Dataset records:
——————————

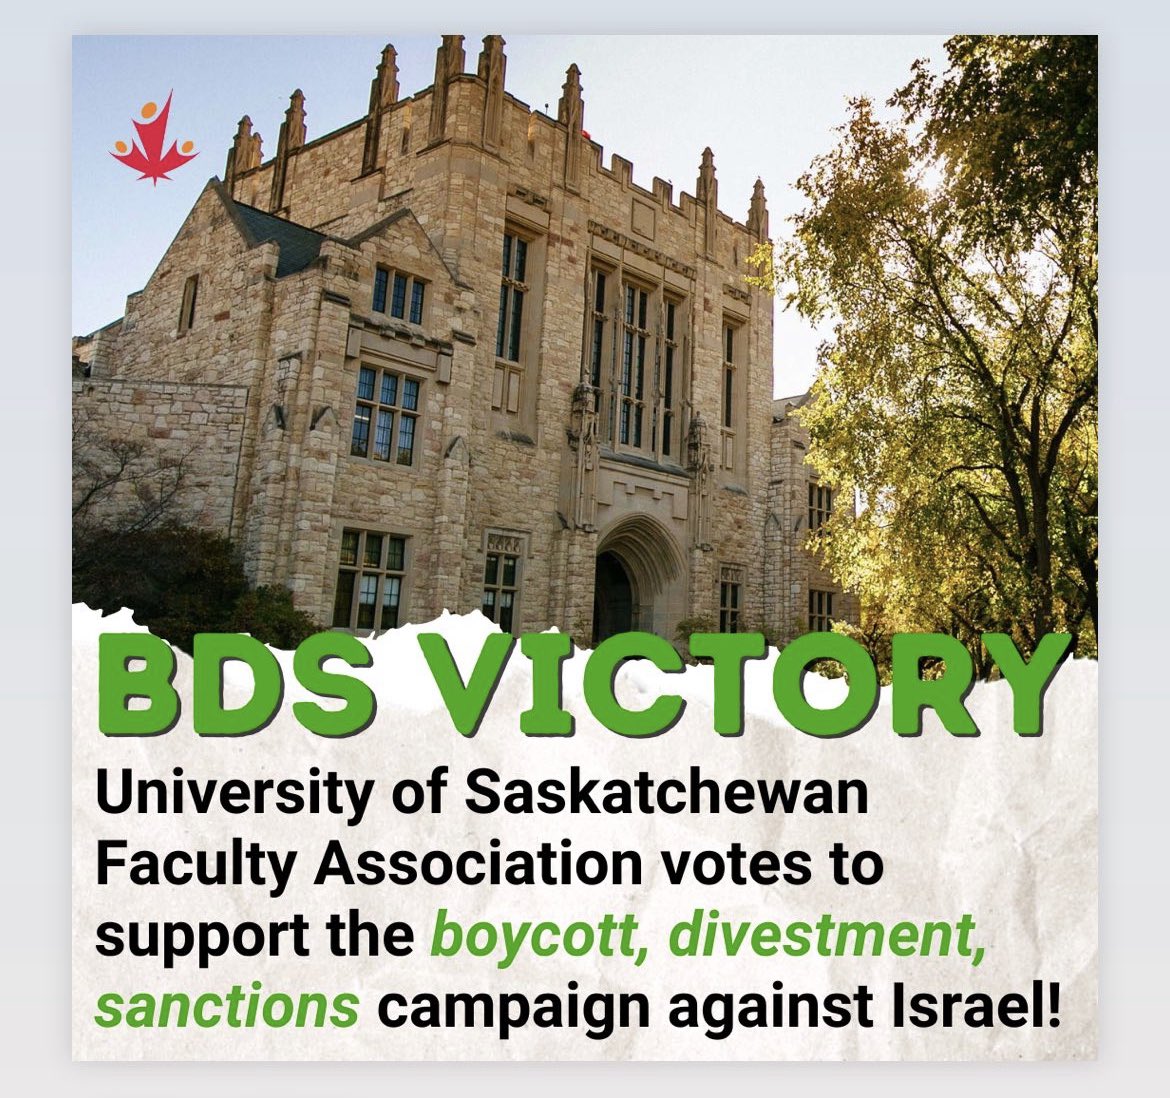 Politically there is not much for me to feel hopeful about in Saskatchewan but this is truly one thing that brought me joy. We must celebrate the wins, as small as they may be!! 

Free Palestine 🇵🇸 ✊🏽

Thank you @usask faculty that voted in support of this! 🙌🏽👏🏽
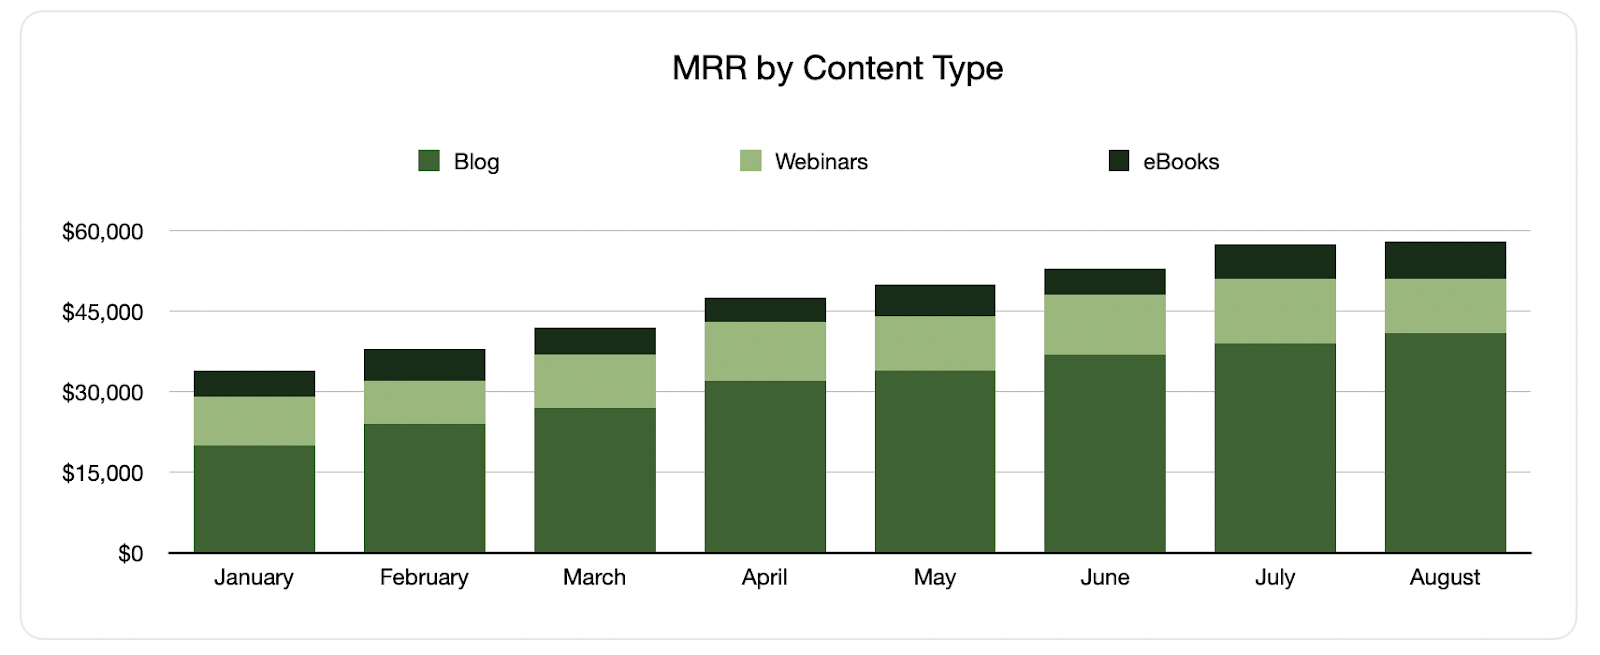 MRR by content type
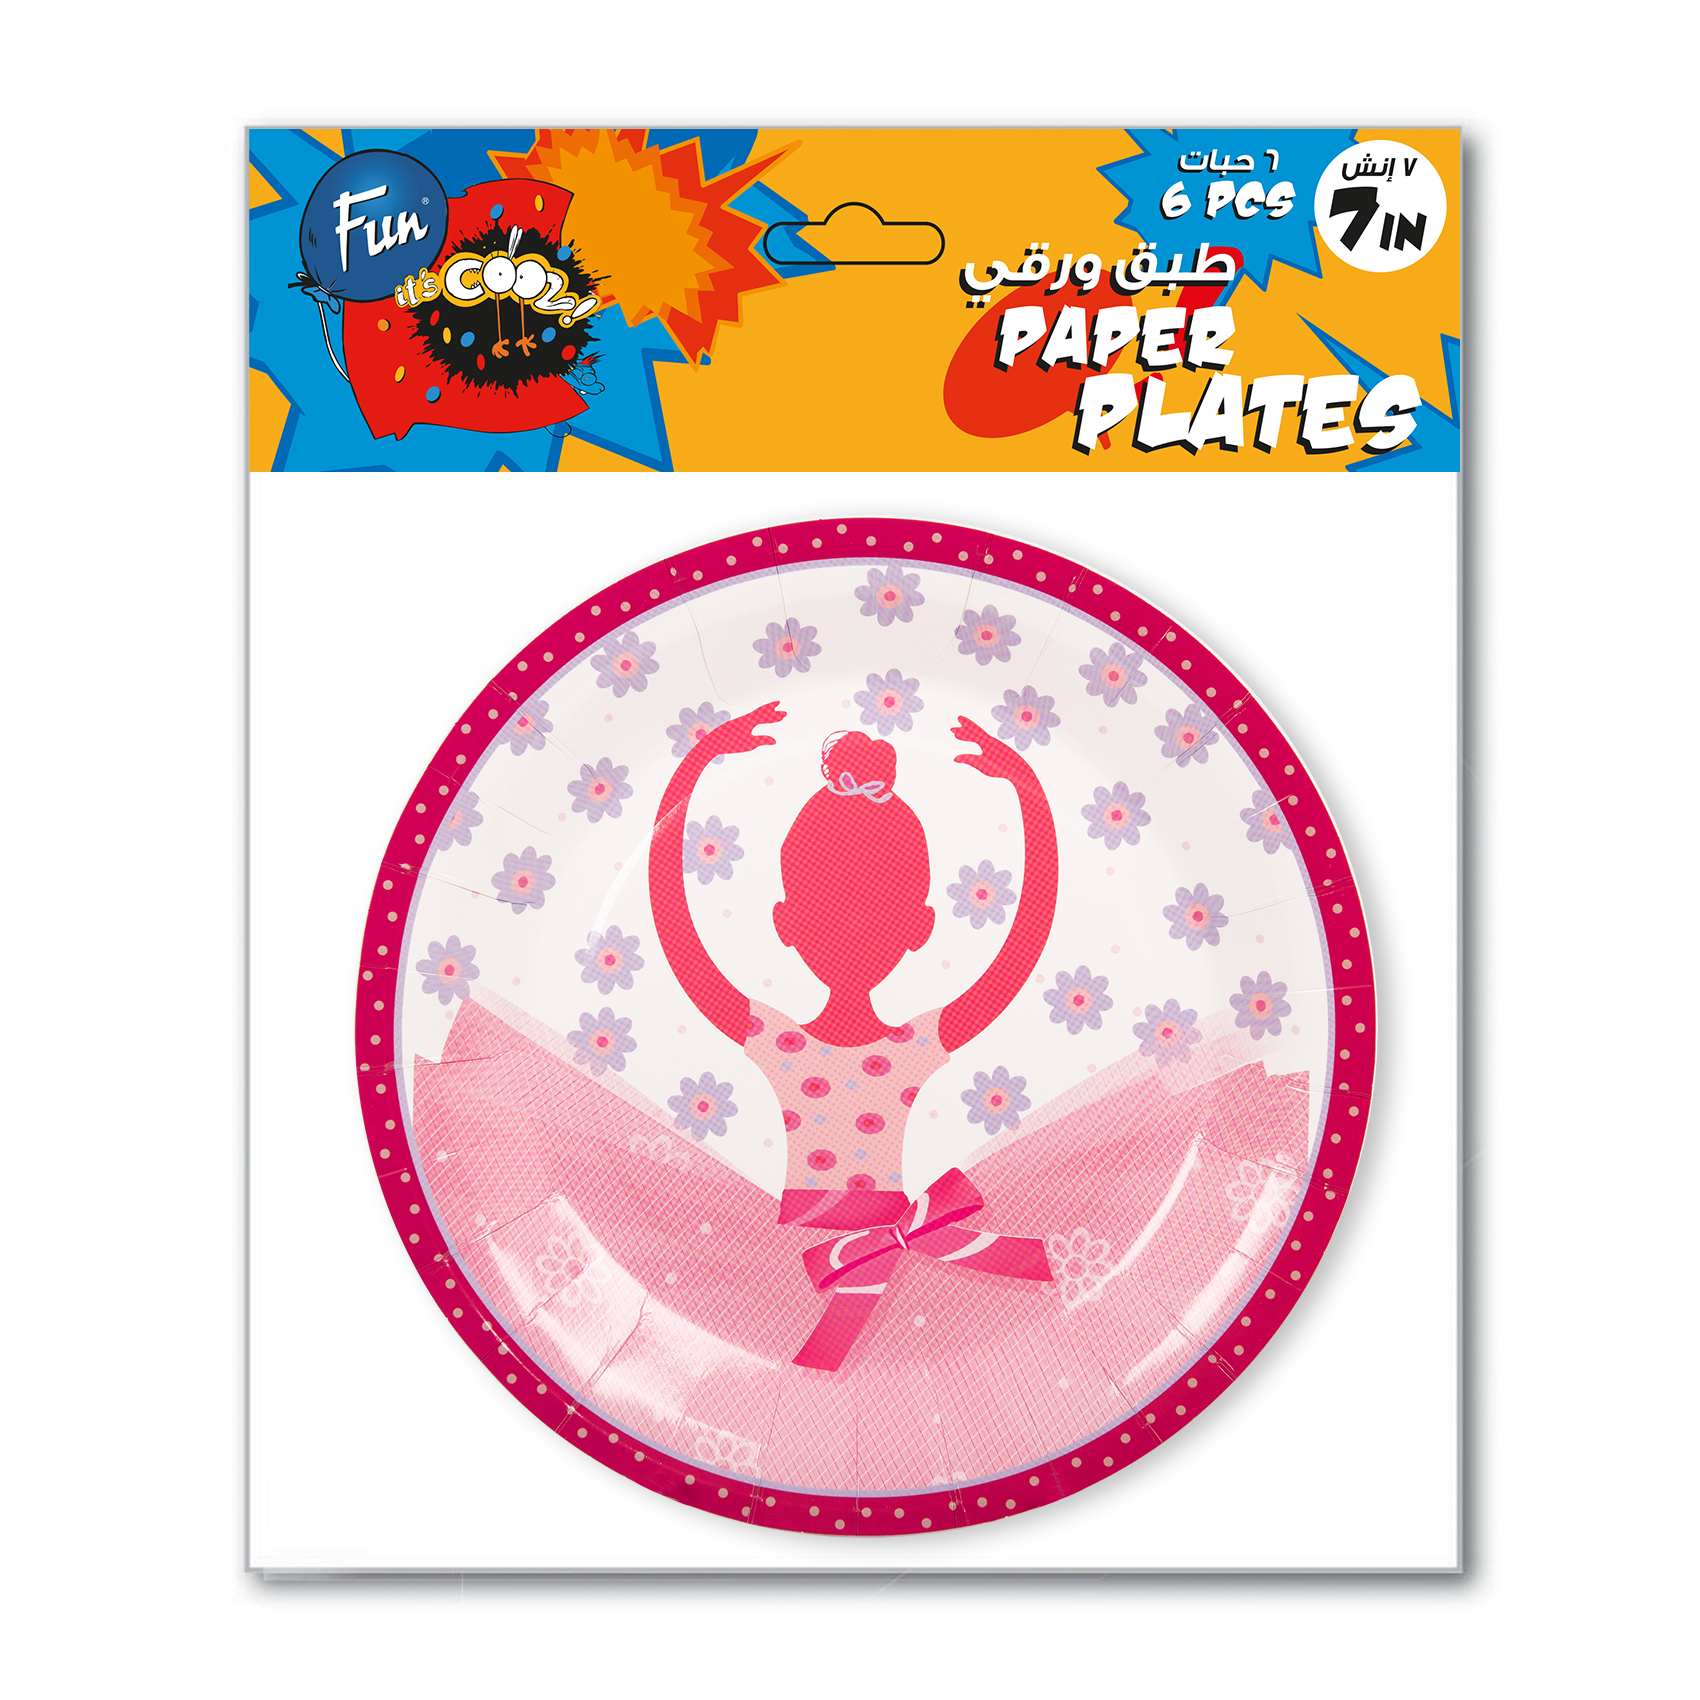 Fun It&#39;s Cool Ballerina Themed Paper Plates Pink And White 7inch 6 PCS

——————————

Problem details: Pictures are not part of the copy. Return every record exactly.

Output for this task:
 Politically there is not much for me to feel hopeful about in Saskatchewan but this is truly one thing that brought me joy. We must celebrate the wins, as small as they may be!! 

Free Palestine 🇵🇸 ✊🏽

Thank you @usask faculty that voted in support of this! 🙌🏽👏🏽
 MRR by content type
 Fun It&#39;s Cool Ballerina Themed Paper Plates Pink And White 7inch 6 PCS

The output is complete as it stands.